Day Sixteen, Tupelo Press 30/30 Project, August 2016

melon

My poem “A Herd of Watermelon” has been posted among today’s offerings of the Tupelo Press 30/30 Project (9 poets have agreed to write 30 poems apiece in 30 days, to raise funds for Tupelo Press, a non-profit literary publisher). I am grateful to Plain Jane, who sponsored and provided the title.

A Herd of Watermelon

My work tools include rubber boots, a hydraulic
jack and snake tongs. Prevention over cure, always.

A helicopter’s shadow crosses the yard.
I sweat in cold weather; today even the shade burns…

Click here to see the rest of the poem.

Tomorrow’s poem, “Cleaning Out Closets in Anticipation of Moving Closer to Children,” was sponsored by Darryl Williams who provided the title, and also sponsored last year’s “Something Lost, Something Trivial.”

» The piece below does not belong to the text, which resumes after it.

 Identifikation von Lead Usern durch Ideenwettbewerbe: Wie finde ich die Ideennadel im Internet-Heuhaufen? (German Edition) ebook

I still need title sponsors for the 22nd and 23rd, and don’t forget about the 3-word sponsorships. Remember, you can combine the two (as in today’s poem) to force me to use not only your title, but also three words that I’d likely not use on my own. And can anyone challenge last year’s co-winners of Worst Title in the History of the 30/30 Project, Ron, Plain Jane and Mek?*

The  sponsored poems are a blast to write, and the titles lead me to poems I’d not otherwise conceive. If you’re inclined to sponsor a poem, Donate to Tupelo, and please let me know as soon as possible what your title is or which three words you’ve foisted upon me.

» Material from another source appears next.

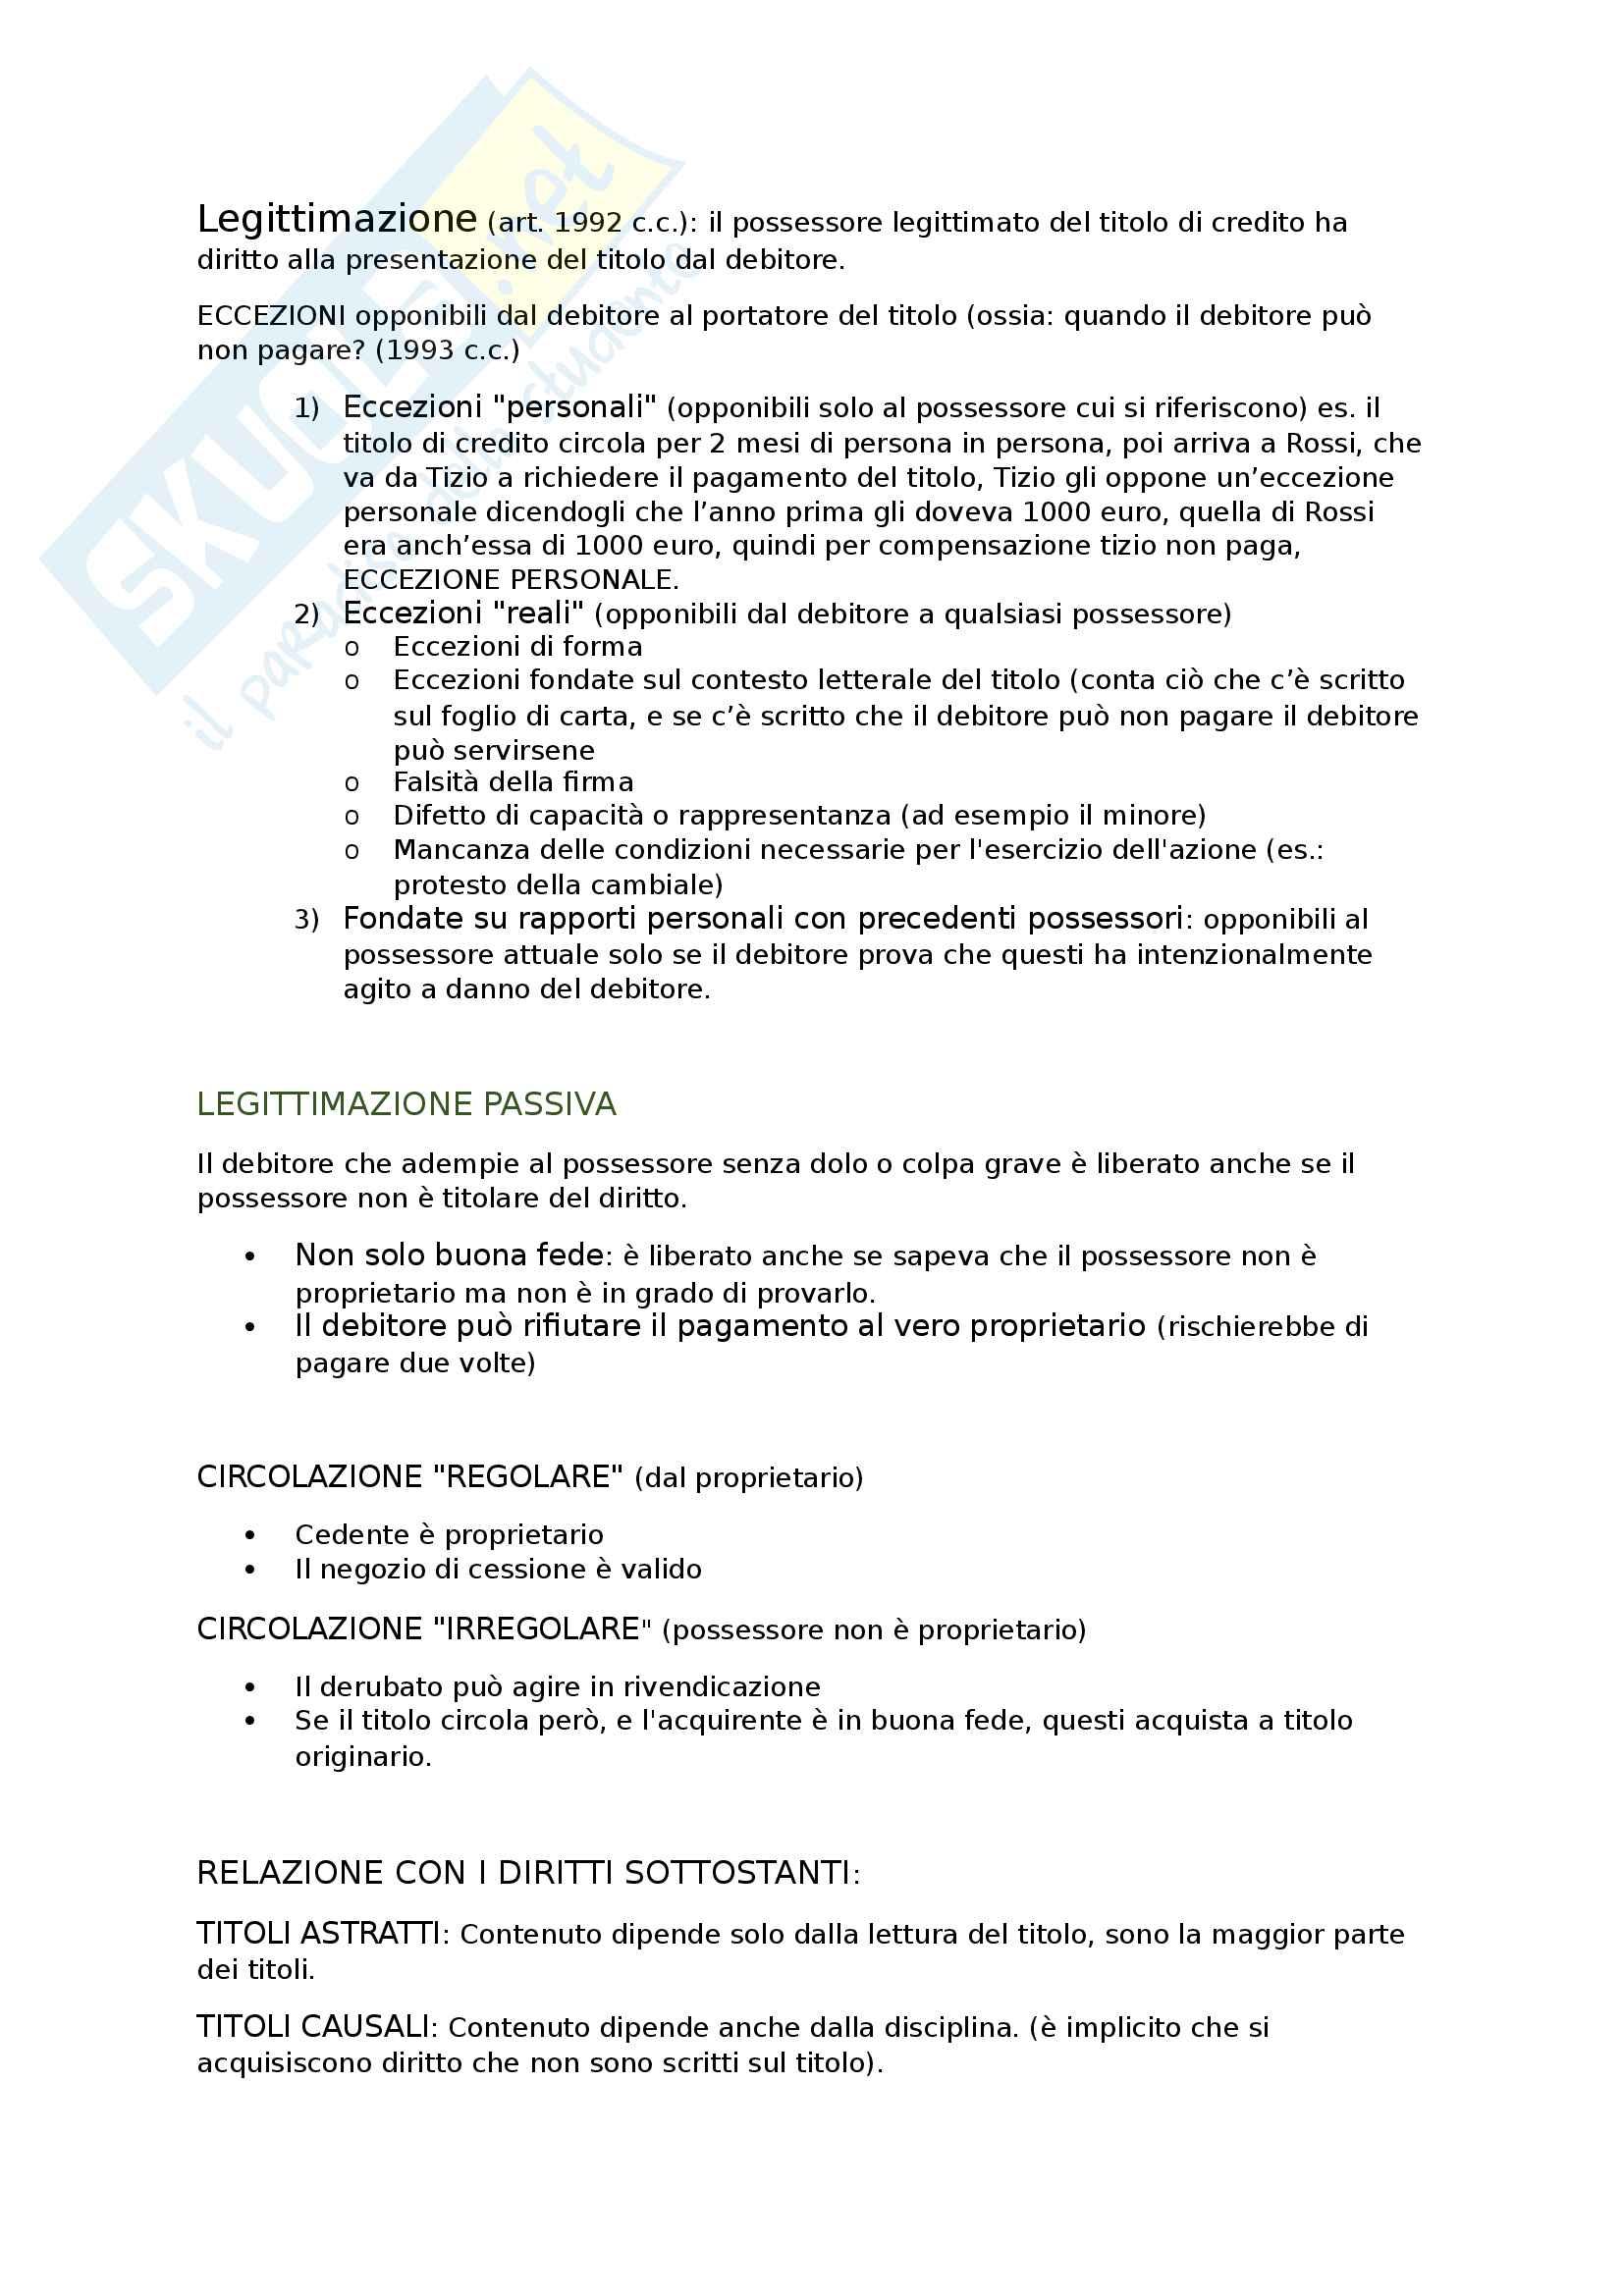 Riassunto esame diritto commerciale, prof Mucciarelli, libro consigliato Manuale di diritto commerciale di Campobasso - parte II: i titoli Pag. 2

If you need something to read, Think Dink! A $30 donation will get you my 2015 chapbook If Your Matter Could Reform, Barton Smock’s Infant Cinema, Jamie Hunyor’s A New Sea, and Tim Kahl’s full length work, The String of Islands, thanks to the generosity of Dink Press founder and editor Kristopher Taylor!  A limited quantity is available, so order earlier rather than later.

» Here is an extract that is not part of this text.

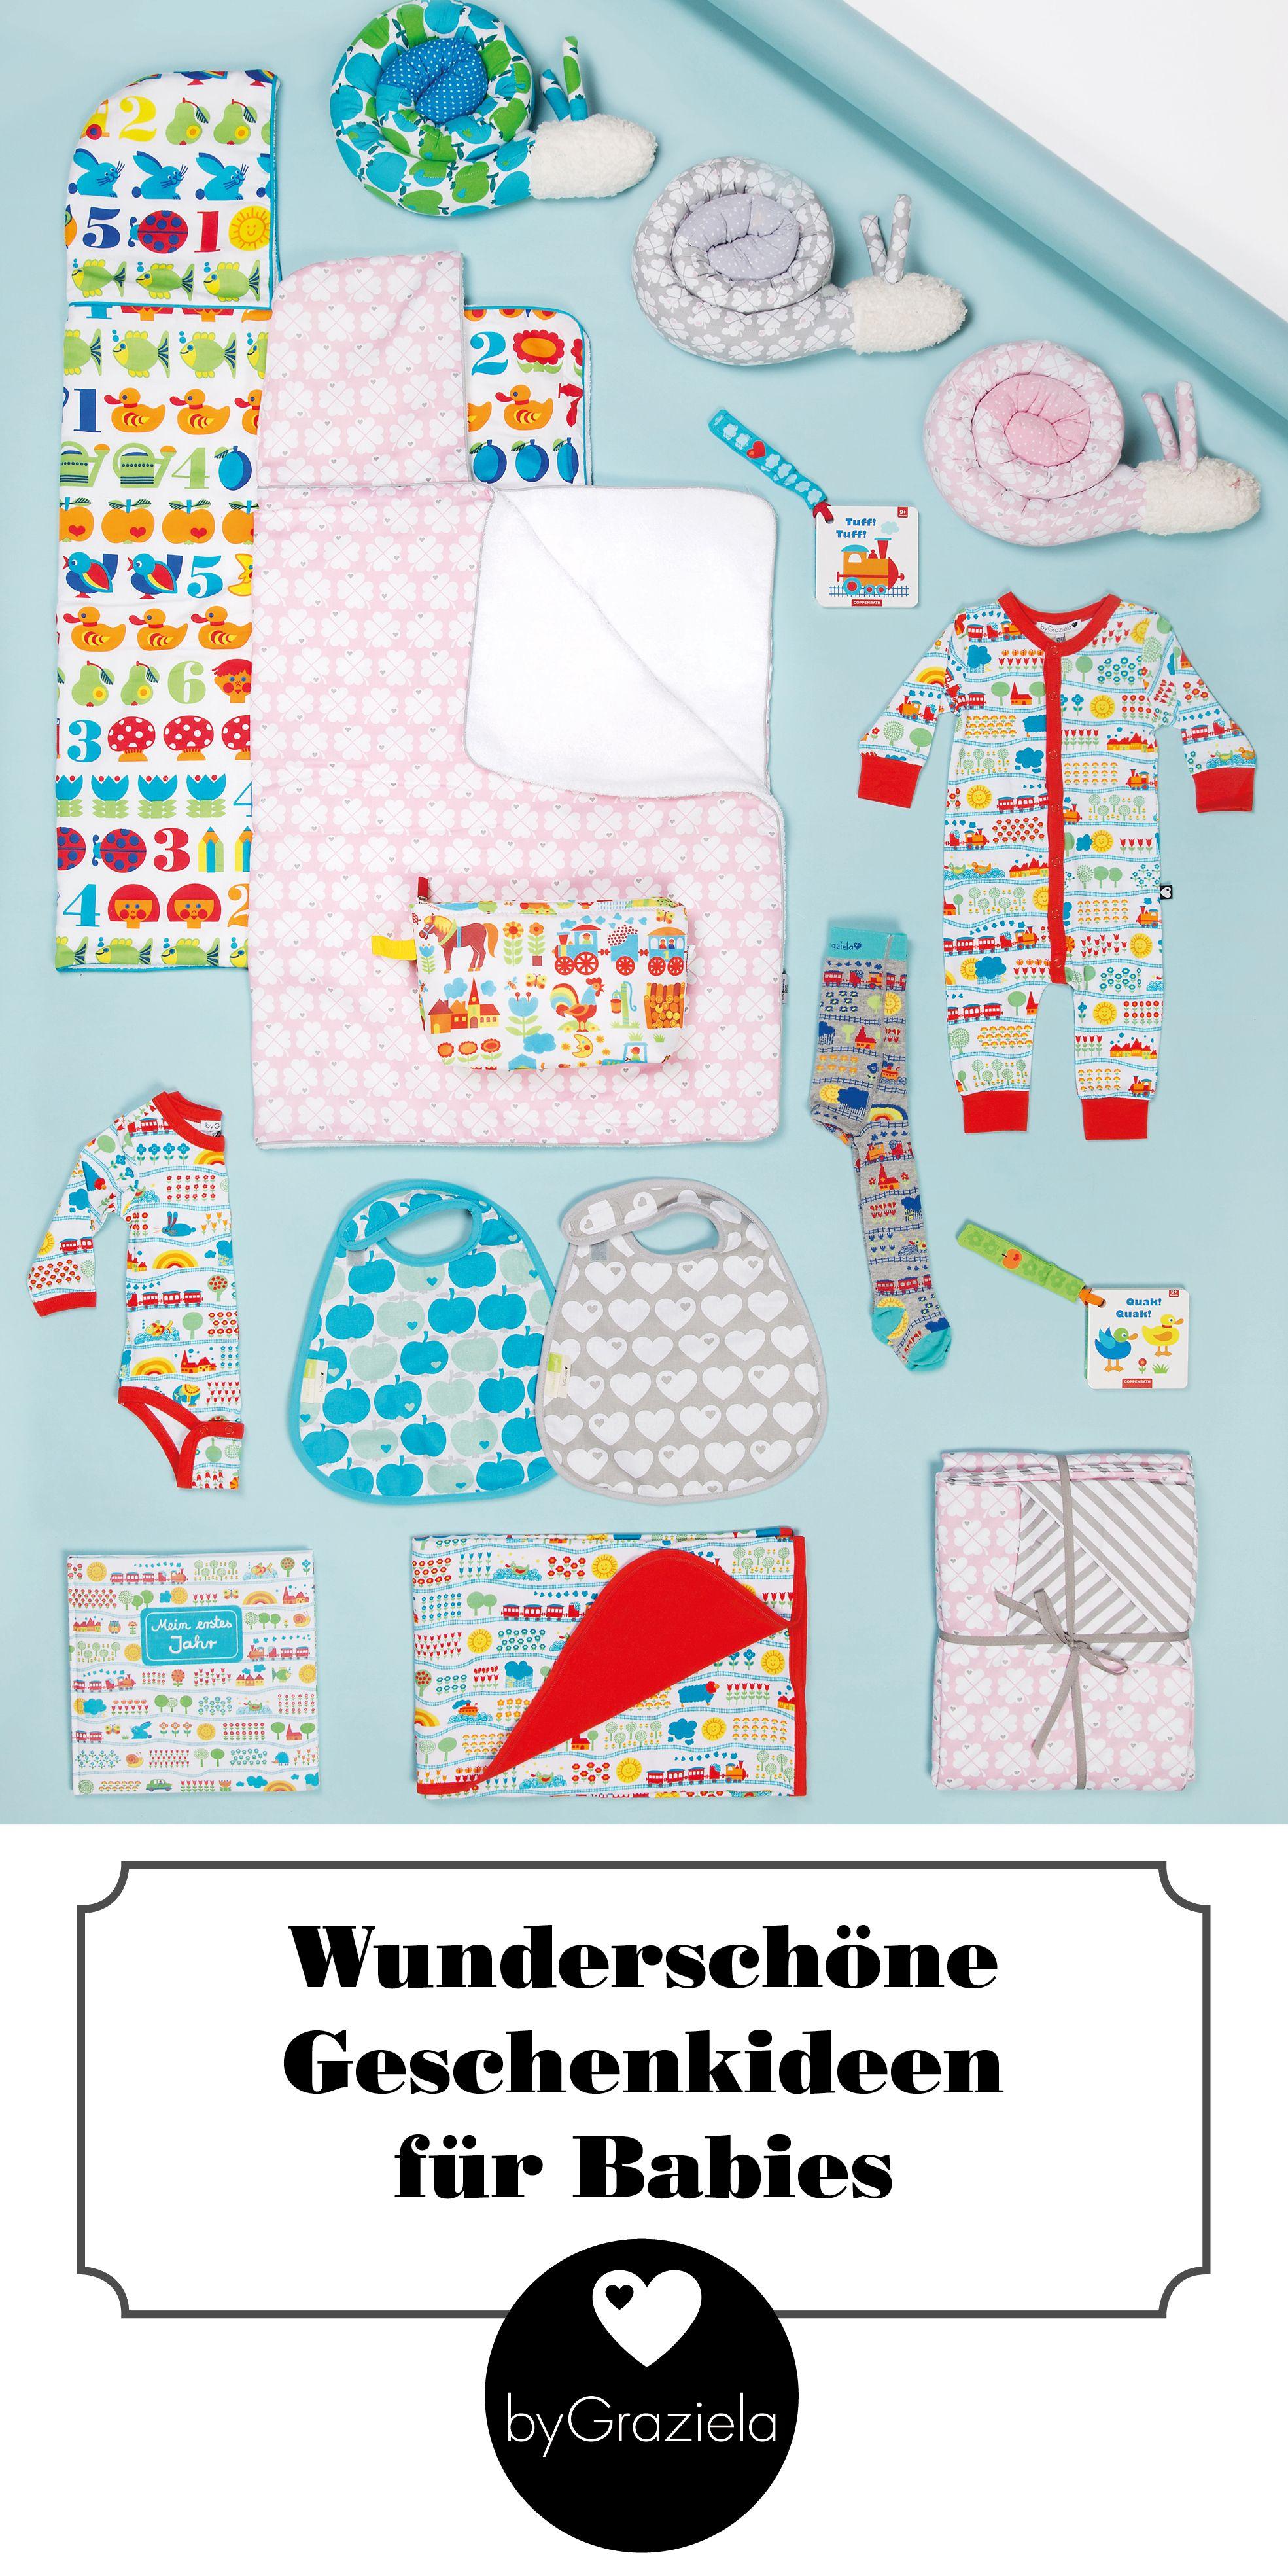 Weihnachtsgeschenke fürs Baby. Was schenkt man zum 1. oder

For information on sponsorships (and my other incentives), click here.

Thank you for supporting poetry! Only 14 poems to go!

* The titles are, respectively, “Calvin Coolidge: Live or Memorex,” “Your Armpits Smell Like Heaven,” and “Reduce Heat and Simmer Gently Without Cloud Cover, Till Sundown. Serves 2 – 7 Billion.” “Nose-Picking Reese’s Hider” is definitely a strong contender for this honor.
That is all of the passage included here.